**To do**: Skip every picture, and output exactly the lines starting at the one with "Кровать с подъемным механизмом Первый" and running through the last line of the material below.

**Data provided**:
*** Begin section ***
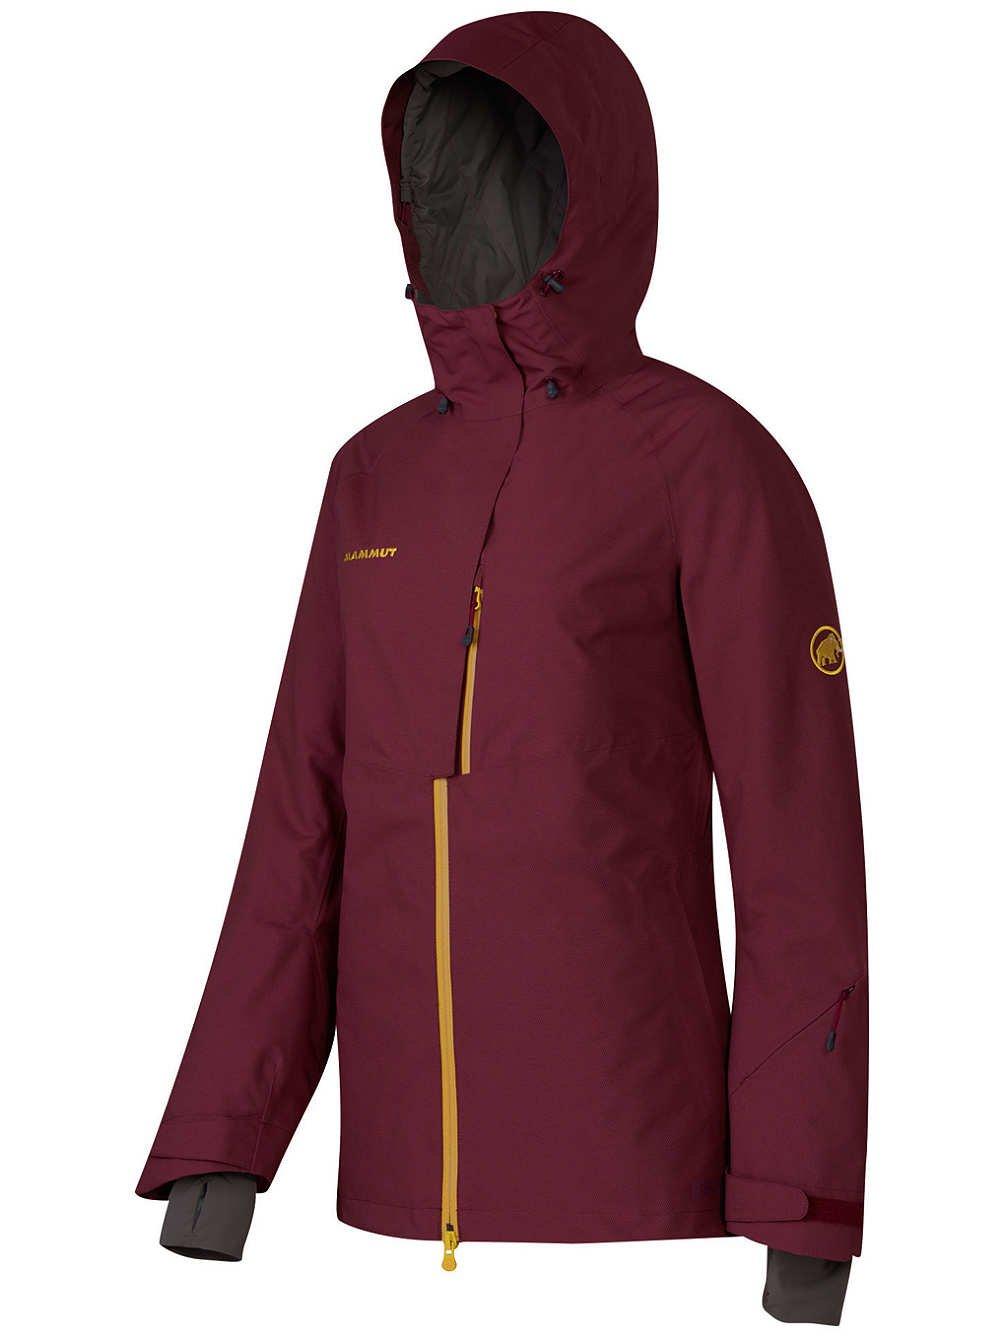 Mammut Alpette HS Hooded Women's Jacket bestellen
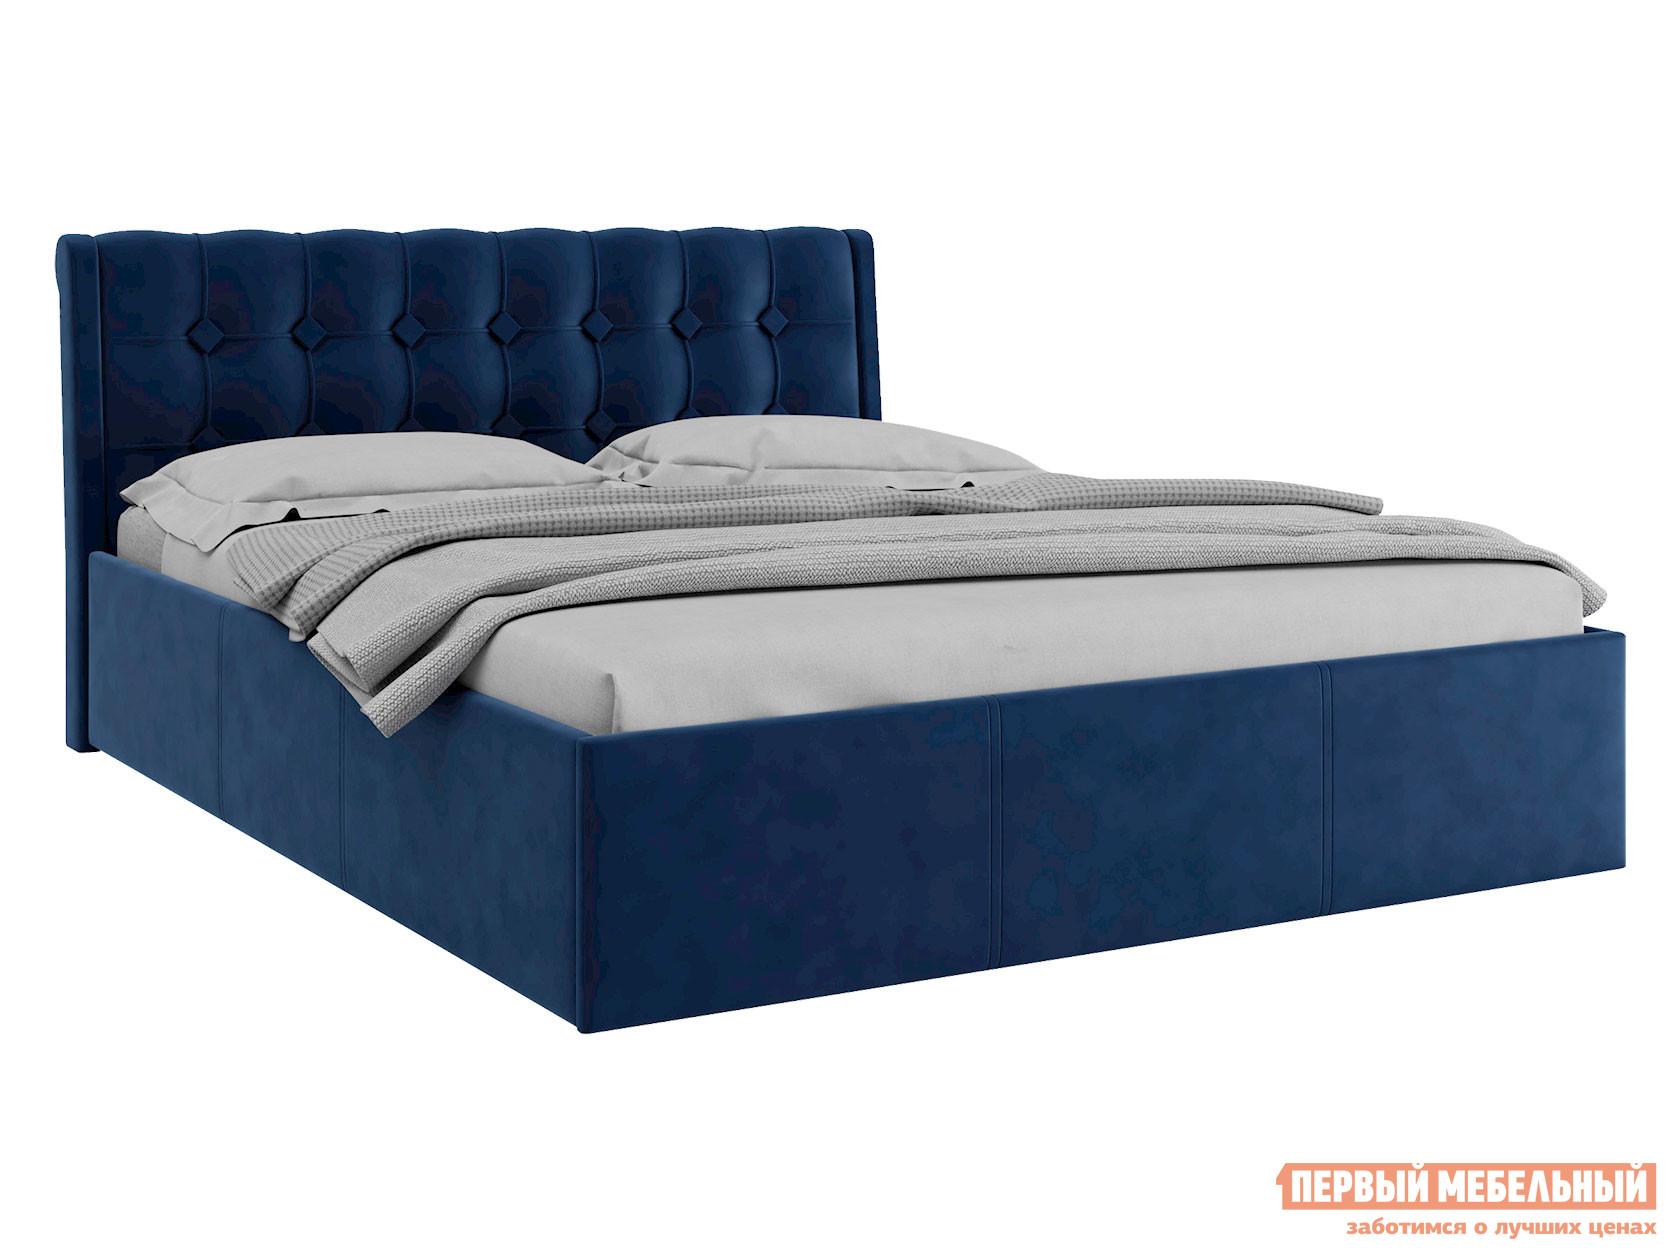 Кровать с подъемным механизмом Первый Мебельный Кровать с подъемным механизмом Эдем
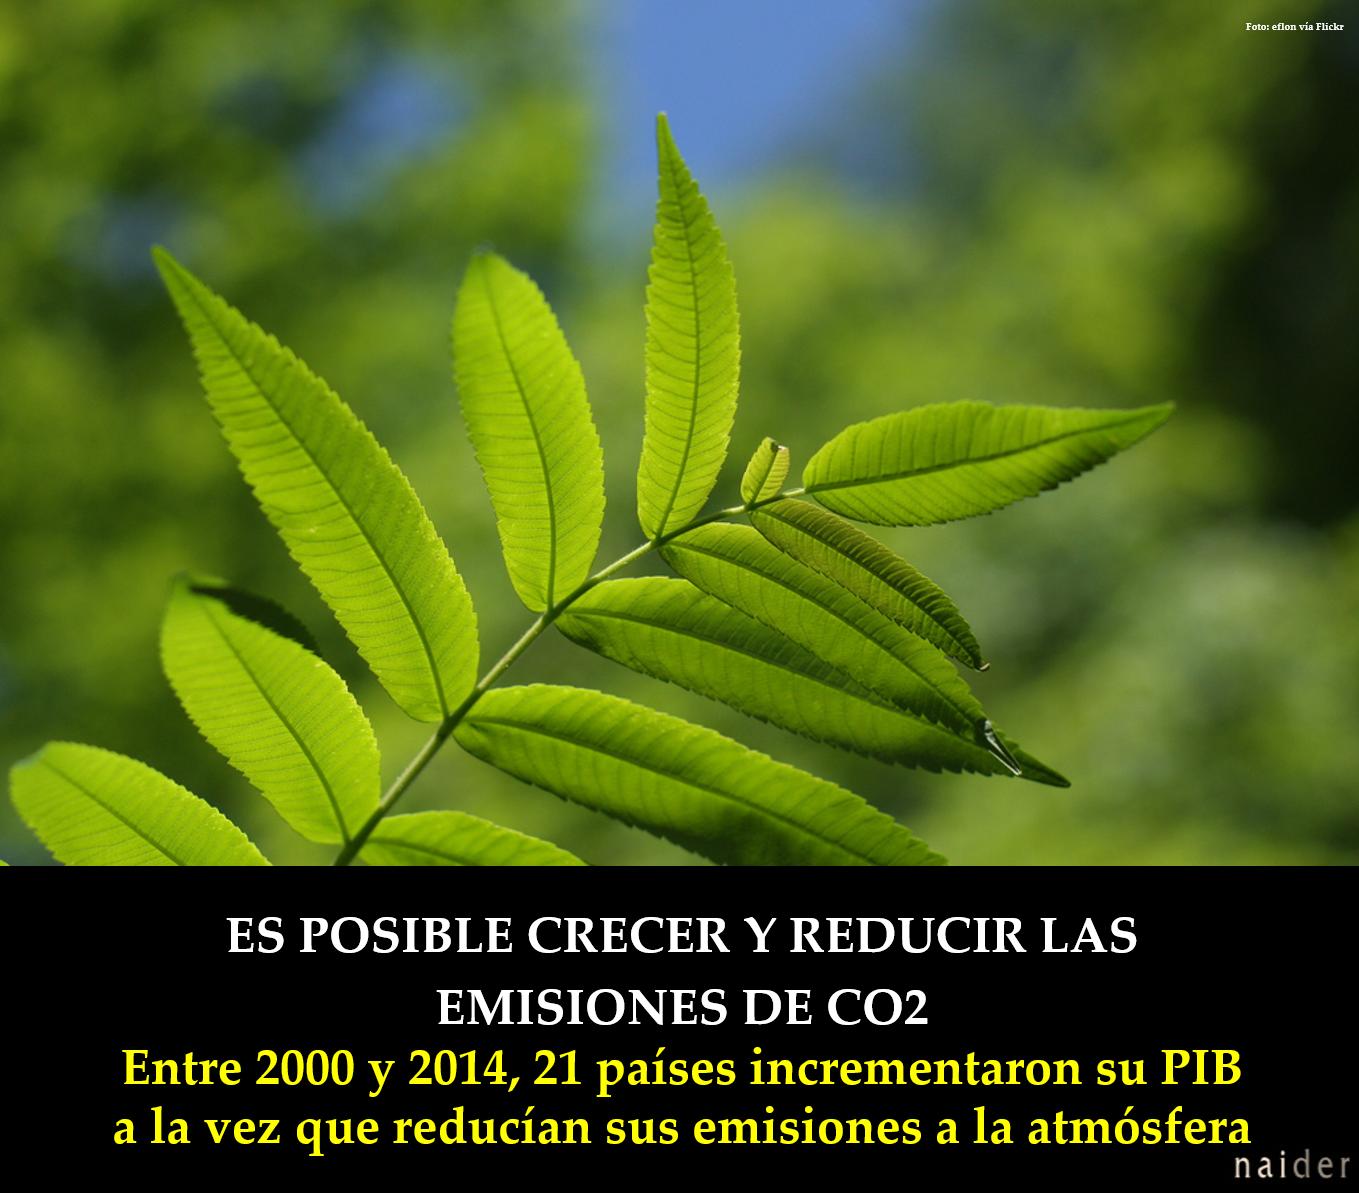 Es posible crecer y reducir las emisiones infopost
*** End section ***
**Result for this task**:
 Кровать с подъемным механизмом Первый Мебельный Кровать с подъемным механизмом Эдем
 Es posible crecer y reducir las emisiones infopost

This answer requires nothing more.